Figure 5. β-catenin stabilization in NG reverses effect of DKK4.

(A) Immunofluorosence based confocal imaging of β–catenin protein in HepG2 cells cultured under indicated conditions for 16 hr. Bars represent 10 μm. (B) Immunoblotting for DKK4, β-catenin and c-Myc in HepG2 cells cultured in NG, NG + LiCl, NG + DKK4 and NG + LiCl + DKK4 protein, for 16 hr. Cropped blots are used in the main figure and full length blots are included in Supplementary Figure 9. (C) Cell cycle profile of HepG2 cells cultured in NG, NG + LiCl, NG + DKK4 and NG + LiCl + DKK4 protein, for 16 hr. Bar graphs represent percentage of cells in different phases of cell cycle by flow cytometry. (D) TCF reporter activity assay in HepG2 cells cultured in NG, NG + LiCl, NG + DKK4 and NG + LiCl + DKK4, protein for 16 hr. The luciferase intensities were normalized with Renilla intensities and data is represented as ratio of TOP/FOP. Bar graphs represent mean ± SE of three independent experiments (*P < 0.05, **P < 0.001, ***P < 0.0001).

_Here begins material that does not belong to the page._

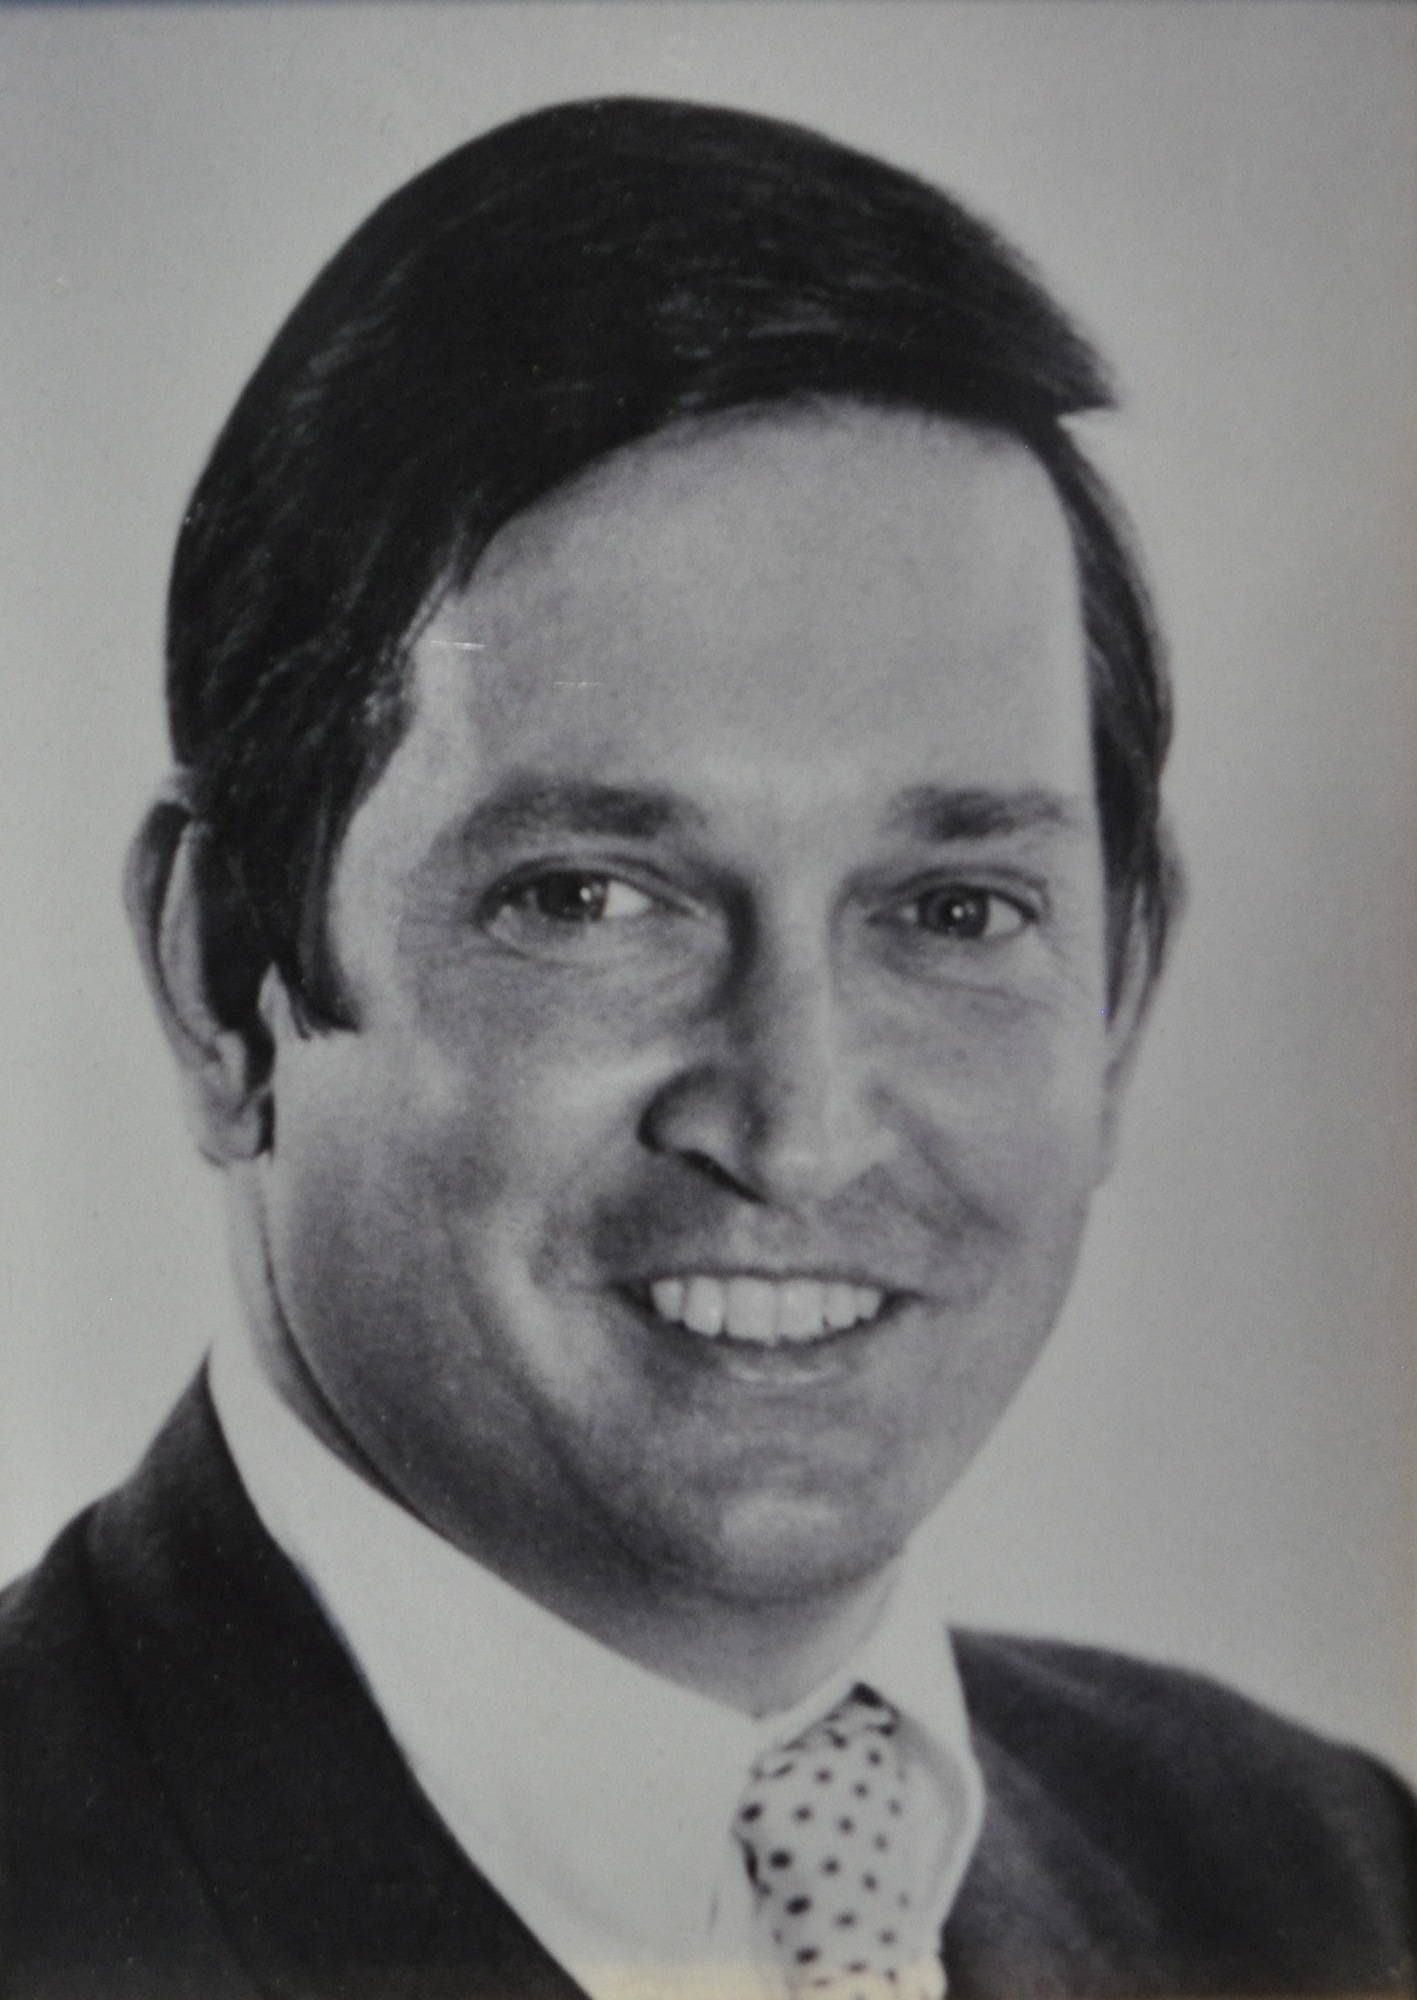 Kerry Kirschner served as Sarasota’s mayor in 1986-87 and 1990-91.

Figure 6. High glucose enhances HepG2 xenograft tumor growth in vivo.

(A) Experimental layout for studying the effects of hyperglycemia on initiation and progression of HCC. (B) Blood glucose (mg/dl). (C) Body weight (g). (D) Tumor weight (g). (E) HepG2 cells (5 × 10⁶/mice) were injected s.c. on the right flank of each mouse. Tumor initiation and progression in Group-I and Group-II mice were recorded for 27 days. Data is represented as mean of five mice ± SD (*P < 0.05, **P < 0.001, ***P < 0.0001). (F) Protein level of c-Myc, β–catenin and DKK4 in representative three tumor samples each from mice of Group-I and Group-II were detected by western blotting. Cropped blots are used in the main figure and full length blots are included in Supplementary Figure 9.

Figure 7. DKK4 affects glucose induced proliferation in HCC.

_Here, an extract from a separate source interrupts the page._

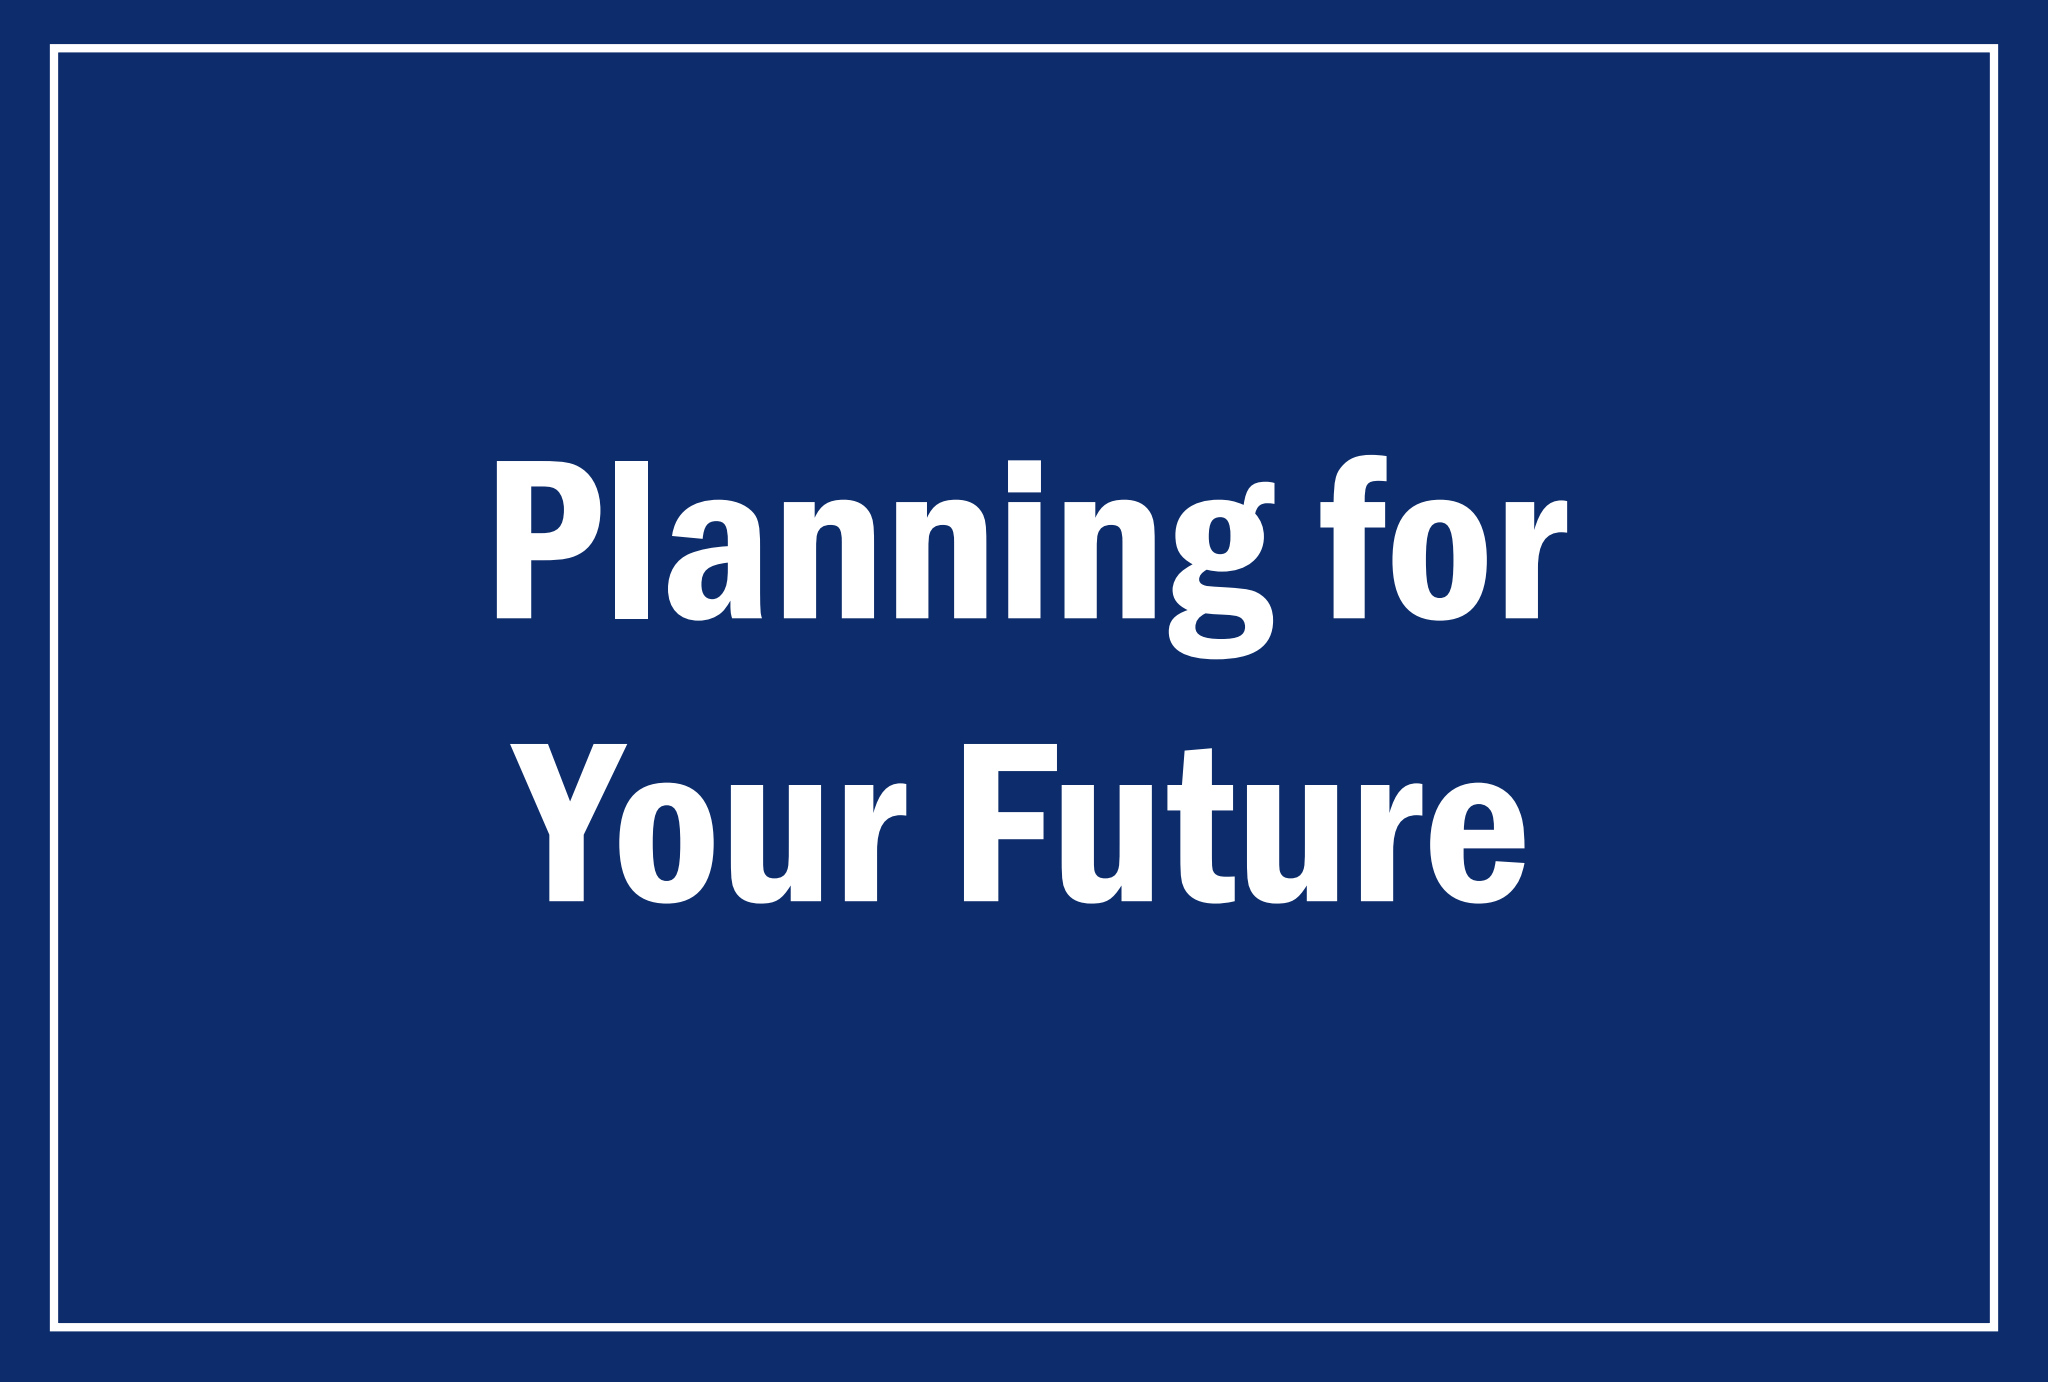 Planning for Your Future

(A) HepG2, HepG2_vec and HepG2_DK4KD cells were cultured in NG for 16 hr and western blotting was performed to detect protein levels of c-Myc, DKK4 and β–catenin. (B) HepG2_vec and HepG2_D4KD cells were cultured in NG and HG for 48 hr and 96 hr. Percentage cell proliferation was determined by MTT assay. (C) HepG2_vec and HepG2_D4KD cells were cultured in NG and HG and colonies were visualized by crystal violet stain and counted after 21 days. All the bar graphs represent the mean ± SD of an experiment done in triplicate (*P < 0.05, **P < 0.001, ***P < 0.0001). (D) Cell cycle profile of HepG2_vec and HepG2_D4KD cells cultured in NG for 16 hr. Bar graph represents percentage of cells in different phases of cell cycle by flow cytometry. (E) HepG2_vec and HepG2_D4KD cells were cultured in NG and HG for 16 hr and whole cell lysates were subjected to detection of c-Myc, Cyclin D1, CDK6, CDK4 and DKK4 proteins by western blotting. (F) HepG2_D4KD and HepG2_vec cells were cultured in NG and NG + DKK4 protein, for 48 hr and 96 hr. Thereafter, percentage cell proliferation was determined by MTT assay. (G) HepG2_D4KD and HepG2_vec cells were cultured in NG and NG + DKK4 protein. Colonies were visualized by crystal violet stain and counted after 21 days. All the bar graphs represent the mean ± SD of an experiment done in triplicate (*P < 0.05, **P < 0.001, ***P < 0.0001). Cropped blots are used in the main figure and full length blots are included in Supplementary Figure 10.

Figure 8. Schematic representation of glucose induced regulation of DKK4 and effect over HCC proliferation.

(A) Normoglycemic glucose promotes sustained expression of DKK4 protein. DKK4 antagonizes activation of canonical Wnt signaling by facilitating degradation of β–catenin in cytosol and thus reducing its transcriptional activation thereby causing decrease c-Myc level. Increased DKK4 expression affects progression of cells at S-phase of cell cycle and therefore limits proliferation of HCC cells. (B) High glucose diminishes DKK4 expression allowing activation of canonical Wnt signaling because of inactivation of β–catenin degradation complex, by Wnt3a proteins. Increase in β–catenin level enhances its transcriptional activity and promotes c-Myc expression which causes uncontrolled proliferation of HCC cells.